Task: Copy everything in the data below exactly except the pictures.

Data segment:
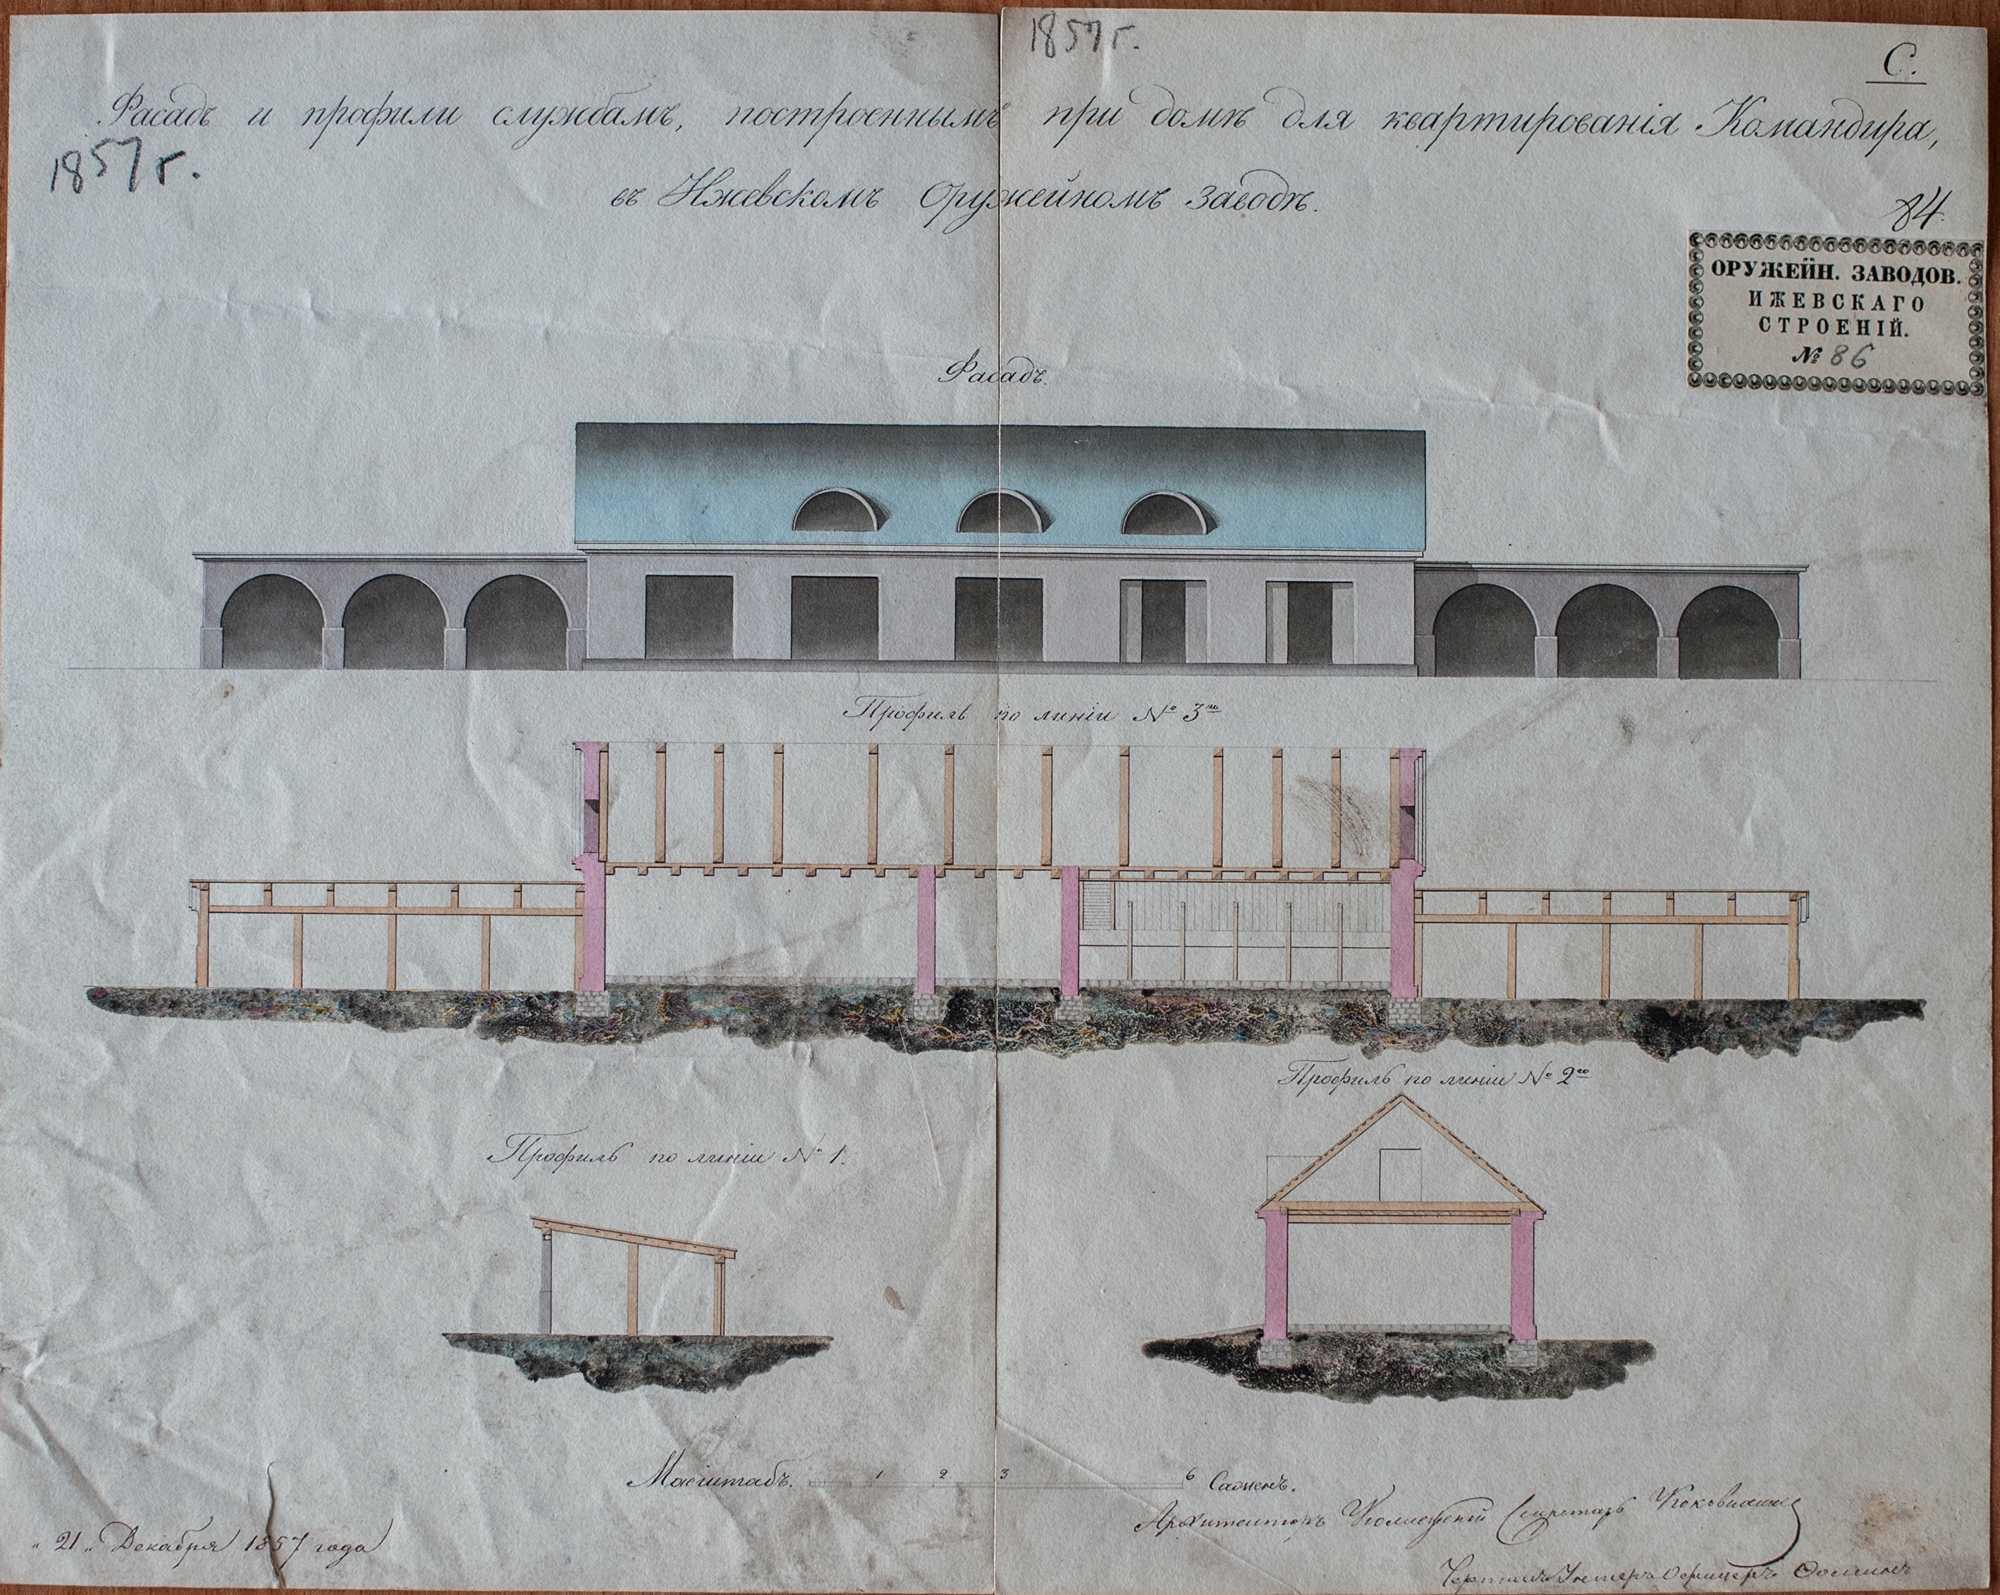 «Фасад и профили службам, построенным при доме для квартирования Командира в Ижевском оружейном заводе». 1857
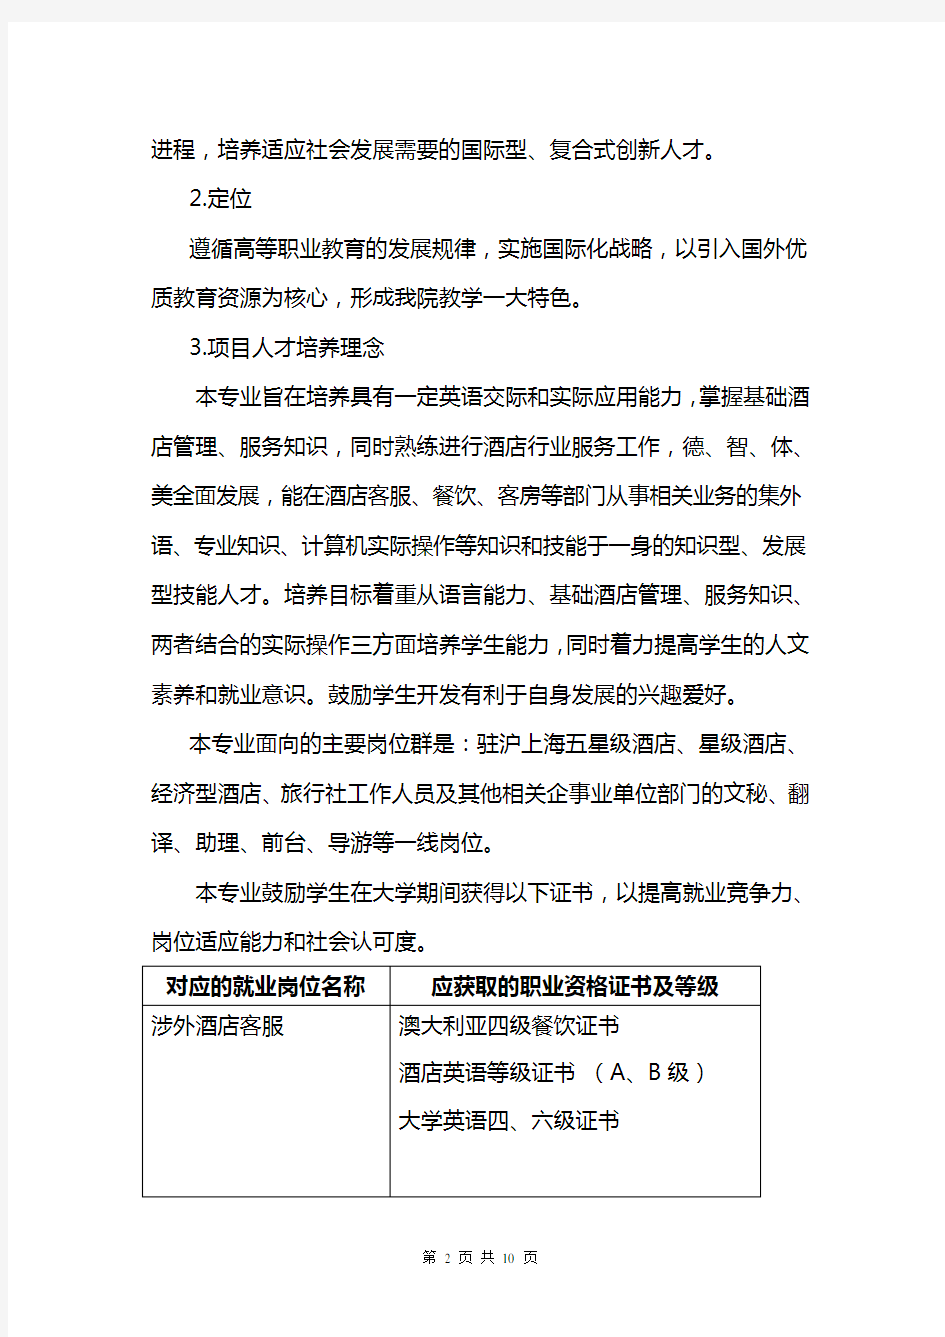 上海行健职业学院旅游管理(中澳合作)专业自评报告
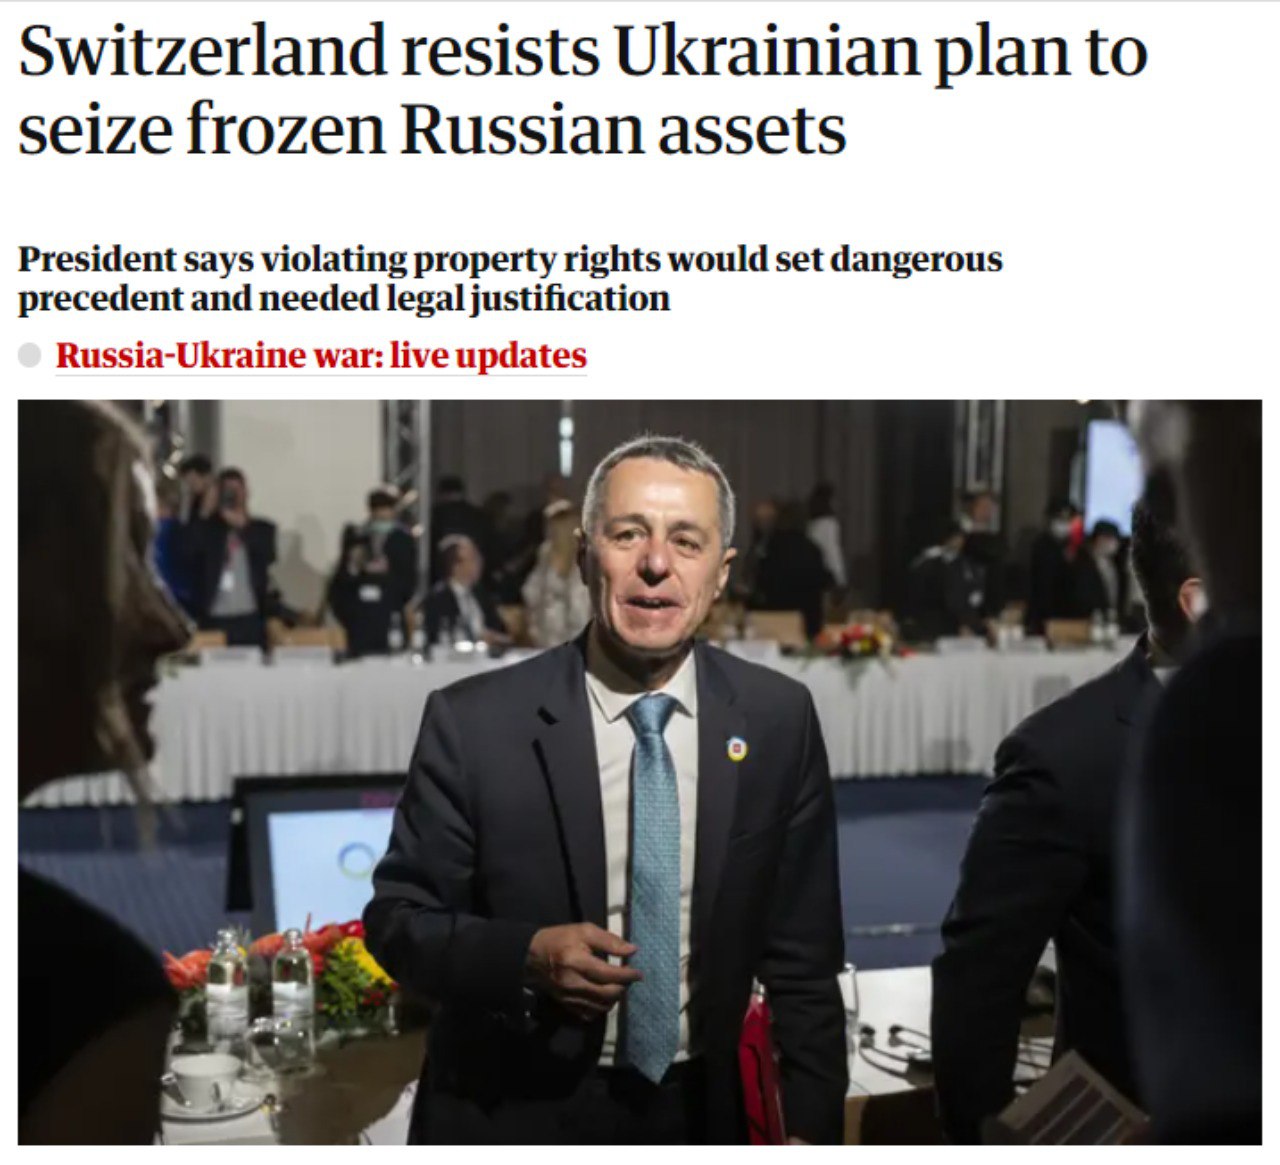 Пресс-секретарь швейцарского Минэкономики Фабиан Майенфиш сообщил о том, что власти Швейцарии выступили против идеи передать замороженные российские активы Украине
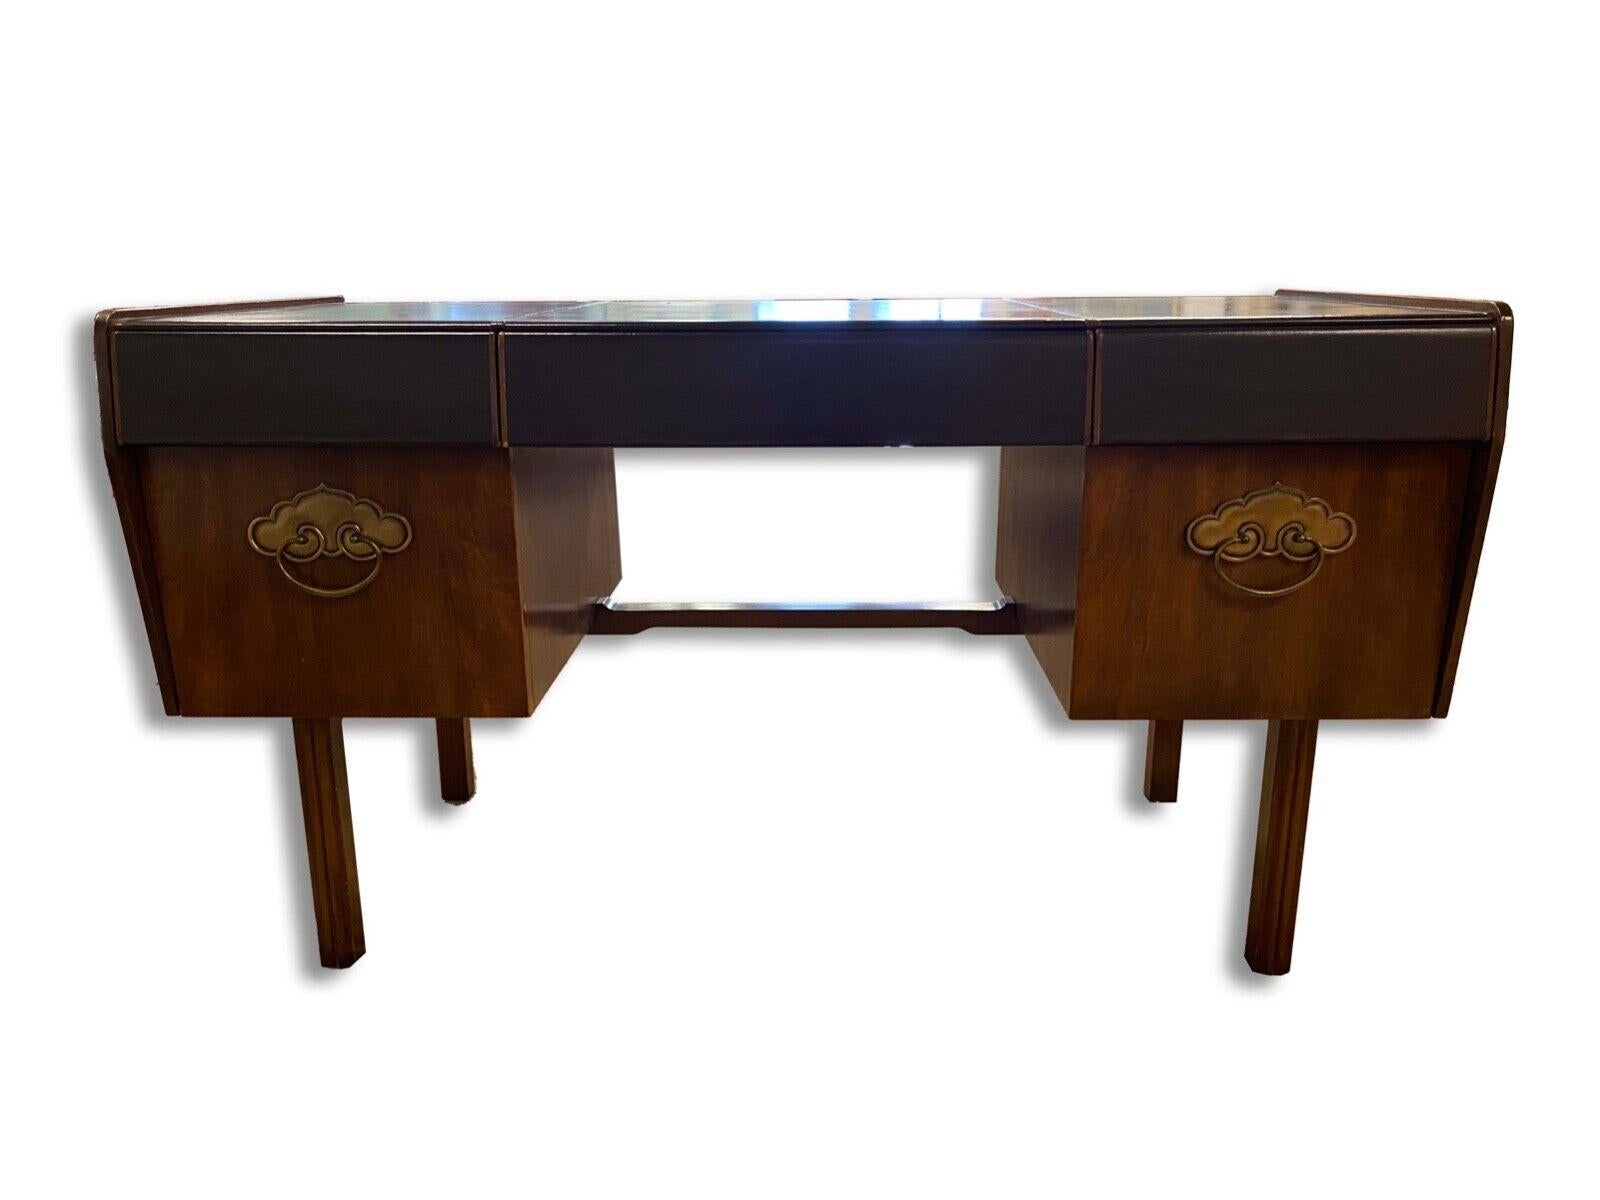 Der Bert England for Widdicomb Leather Top Desk ist eine bemerkenswerte Mischung aus Stil und Funktionalität. Dieser Schreibtisch wurde von dem renommierten Designer Bert England entworfen und zeichnet sich durch exquisite Handwerkskunst und Liebe

Result for this task:
 «Фасад и профили службам, построенным при доме для квартирования Командира в Ижевском оружейном заводе». 1857
 上海行健职业学院旅游管理(中澳合作)专业自评报告
 Пресс-секретарь швейцарского Минэкономики Фабиан Майенфиш сообщил о том, что власти Швейцарии выступили против идеи передать замороженные российские активы Украине
 Der Bert England for Widdicomb Leather Top Desk ist eine bemerkenswerte Mischung aus Stil und Funktionalität. Dieser Schreibtisch wurde von dem renommierten Designer Bert England entworfen und zeichnet sich durch exquisite Handwerkskunst und Liebe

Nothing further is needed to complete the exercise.